This isn’t the only way of writing probabilities, though. For example, you can transform probabilities into odds via the transformation O = (P/(1 - P)). So a probability of 50% would go to odds of 0.5/0.5 or 1, usually written 1:1, while a probability of 0.9 would go to odds of 0.9/0.1 or 9, usually written 9:1. To take odds back to probabilities you use P = (O∕(1 + O)), and this is perfectly reversible, so the transformation is an isomorphism—a two-way reversible mapping. Thus, probabilities and odds are isomorphic, and you can use one or the other according to convenience.
For example, it’s more convenient to use odds when you’re doing Bayesian updates. Let’s say that I roll a six-sided die: If any face except 1 comes up, there’s a 10% chance of hearing a bell, but if the face 1 comes up, there’s a 20% chance of hearing the bell. Now I roll the die, and hear a bell. What are the odds that the face showing is 1? Well, the prior odds are 1:5 (corresponding to the real number 1/5 = 0.20) and the likelihood ratio is 0.2:0.1 (corresponding to the real number 2) and I can just multiply these two together to get the posterior odds 2:5 (corresponding to the real number 2/5 or 0.40). Then I convert back into a probability, if I like, and get (0.4/1.4) = 2/7 = ~29%.

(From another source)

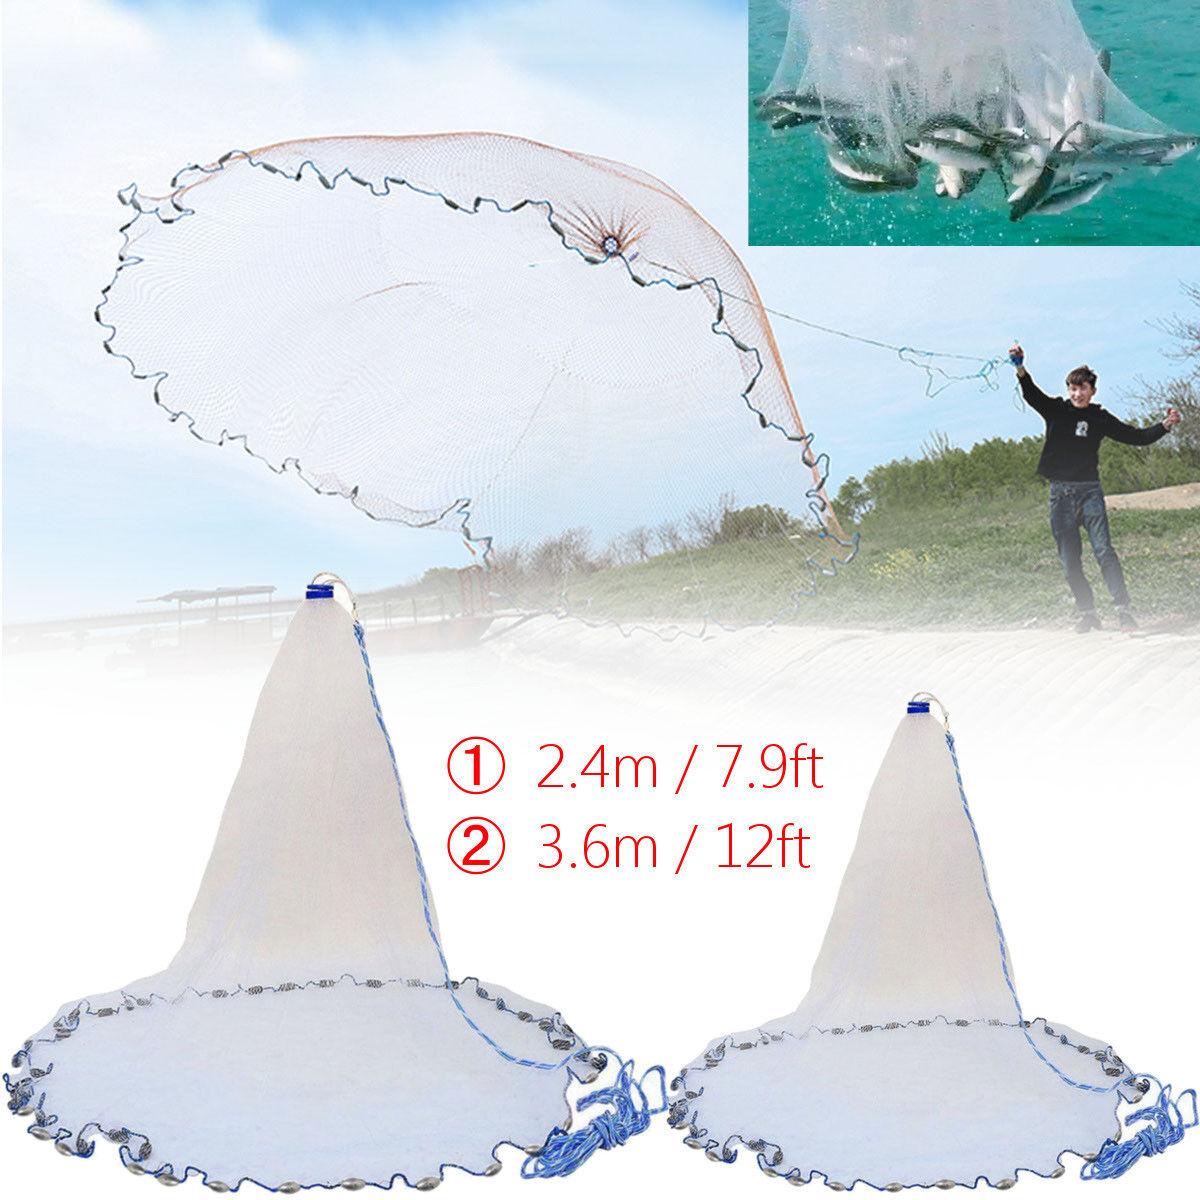 Nylon 12 7.9ft Mono Drawstring Cast Net Spread Fishing Live Bait Net Hand Cast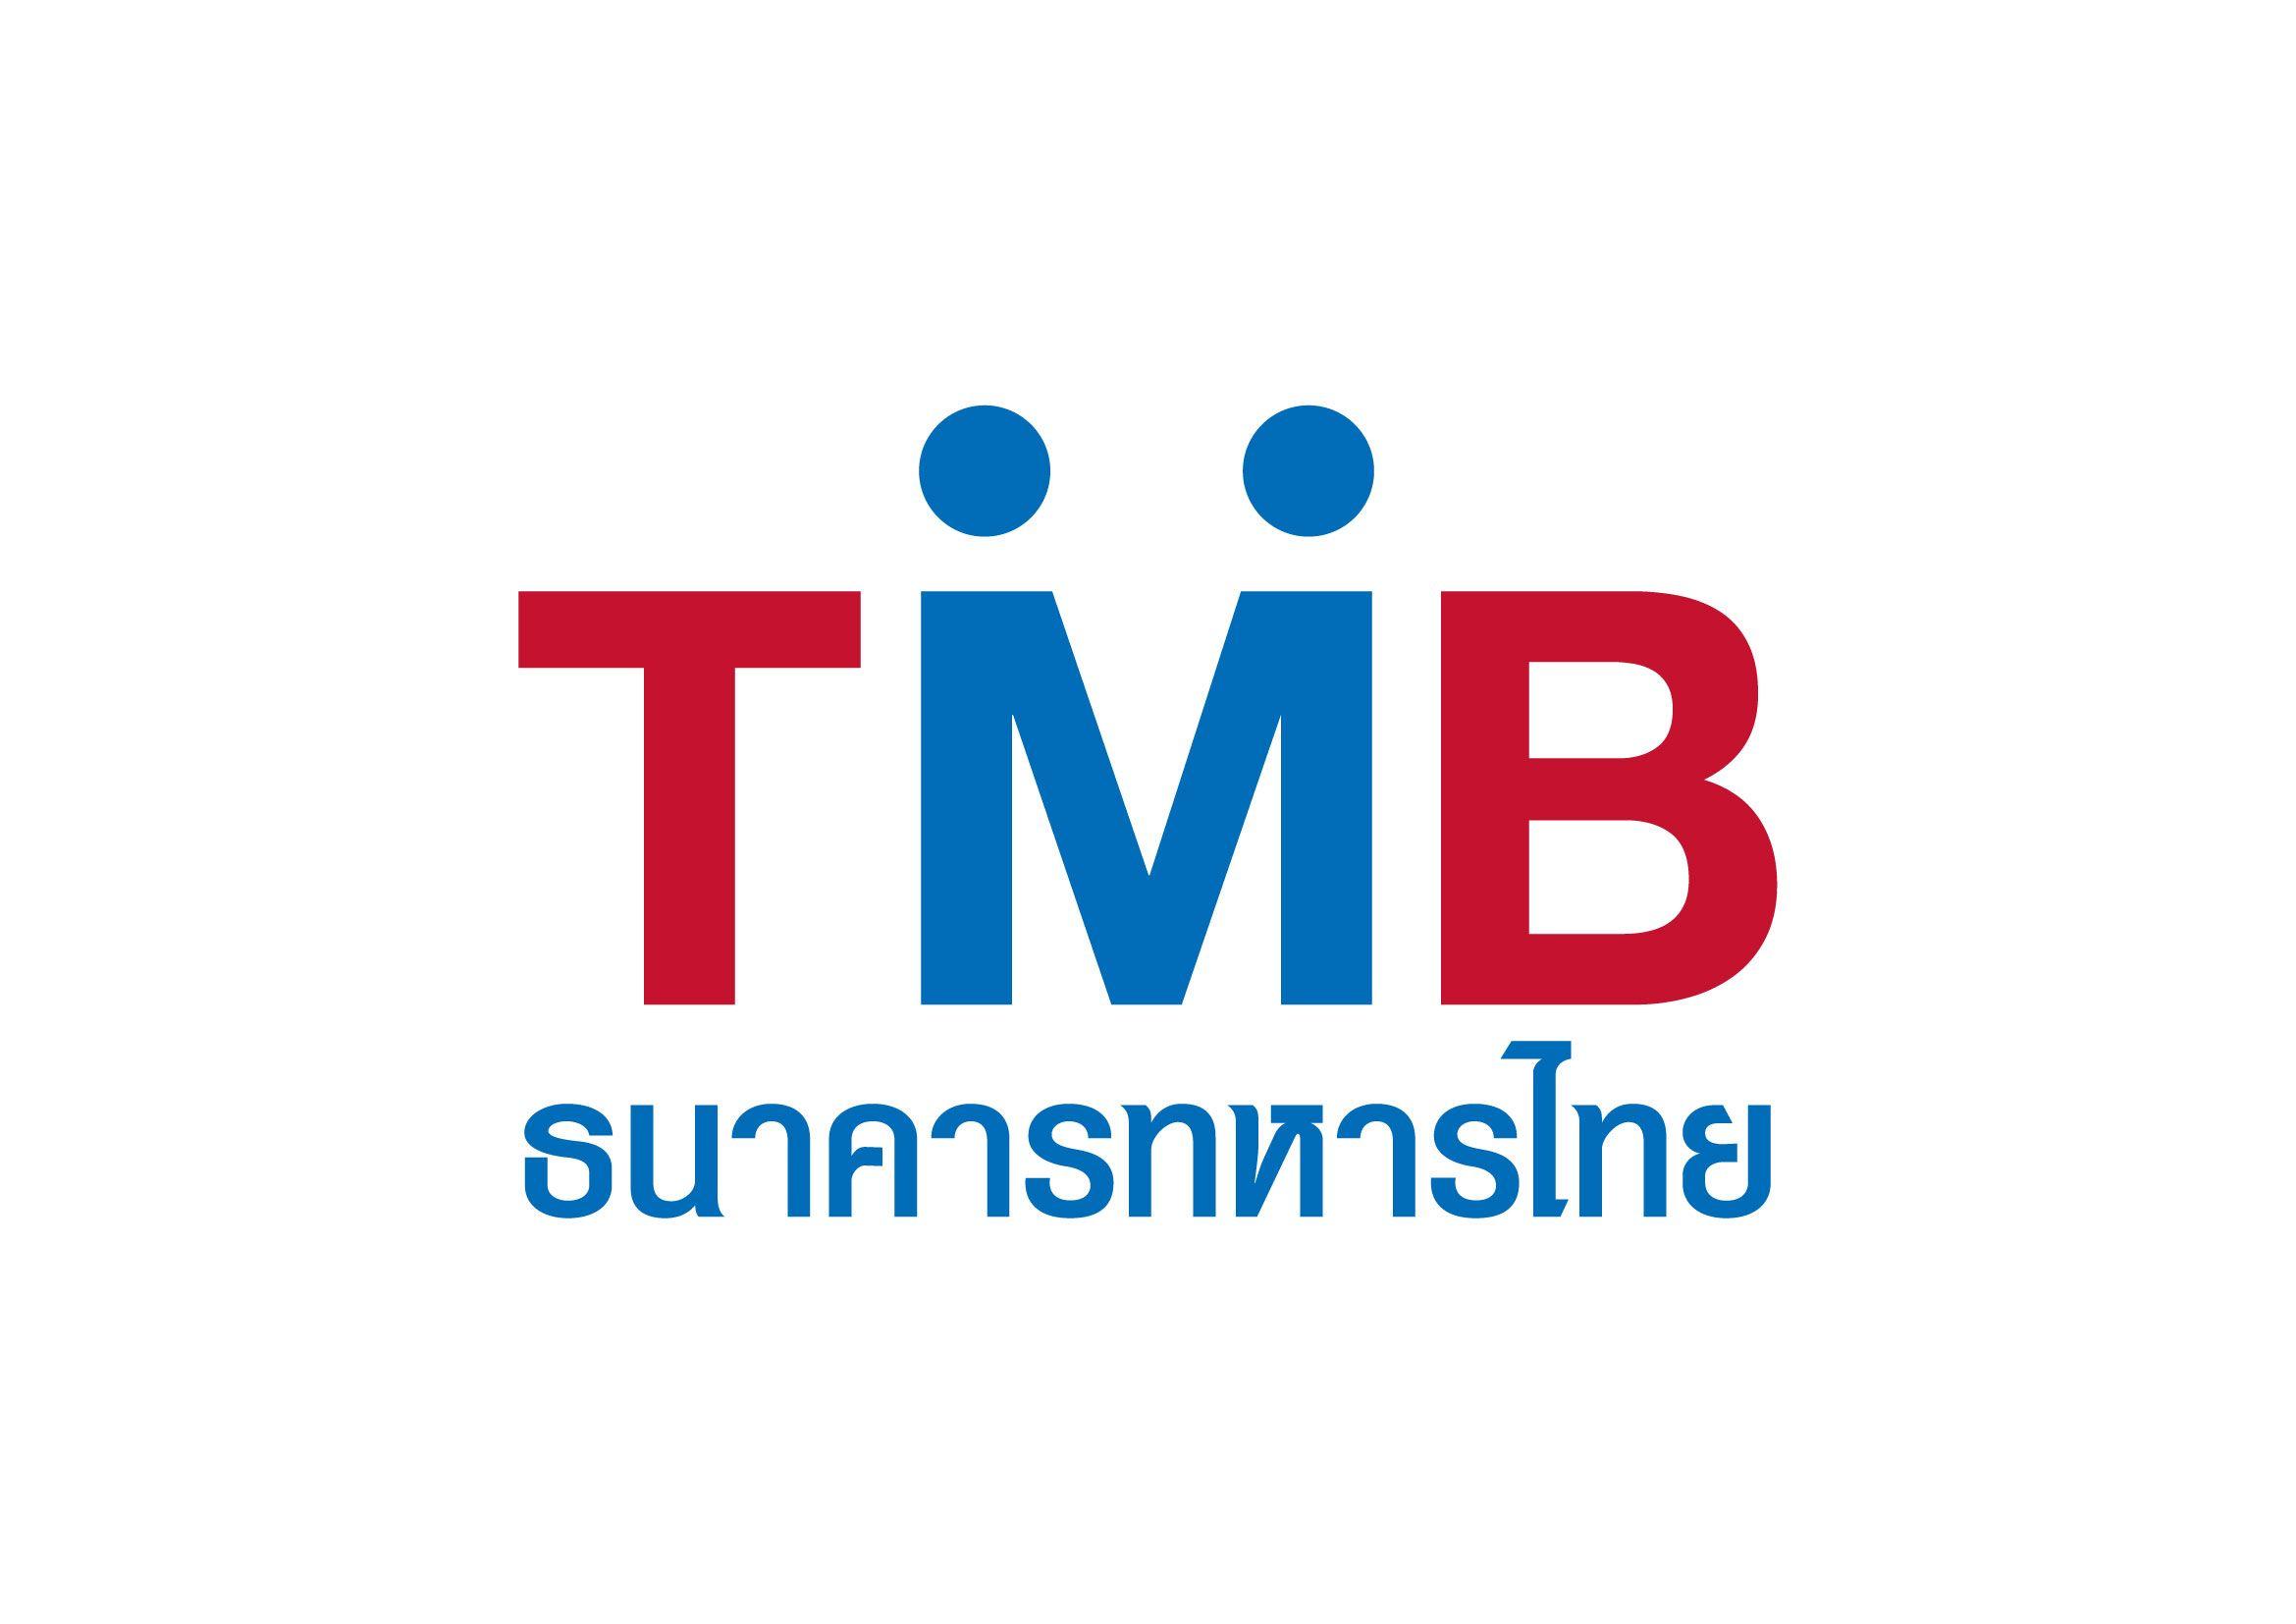 tmb bank - Google Search   ปาร์ตี้มินนี่เมาส์, โลโก้วินเทจ, การออกแบบนามบัตร

So odds are more manageable for Bayesian updates—if you use probabilities, you’ve got to deploy Bayes’s Theorem in its complicated version. But probabilities are more convenient for answering questions like “If I roll a six-sided die, what’s the chance of seeing a number from 1 to 4?” You can add up the probabilities of 1/6 for each side and get 4/6, but you can’t add up the odds ratios of 0.2 for each side and get an odds ratio of 0.8.
Why am I saying all this? To show that “odd ratios” are just as legitimate a way of mapping uncertainties onto real numbers as “probabilities.” Odds ratios are more convenient for some operations, probabilities are more convenient for others. A famous proof called Cox’s Theorem (plus various extensions and refinements thereof) shows that all ways of representing uncertainties that obey some reasonable-sounding constraints, end up isomorphic to each other.
Why does it matter that odds ratios are just as legitimate as probabilities? Probabilities as ordinarily written are between 0 and 1, and both 0 and 1 look like they ought to be readily reachable quantities—it’s easy to see 1 zebra or 0 unicorns. But when you transform probabilities onto odds ratios, 0 goes to 0, but 1 goes to positive infinity. Now absolute truth doesn’t look like it should be so easy to reach.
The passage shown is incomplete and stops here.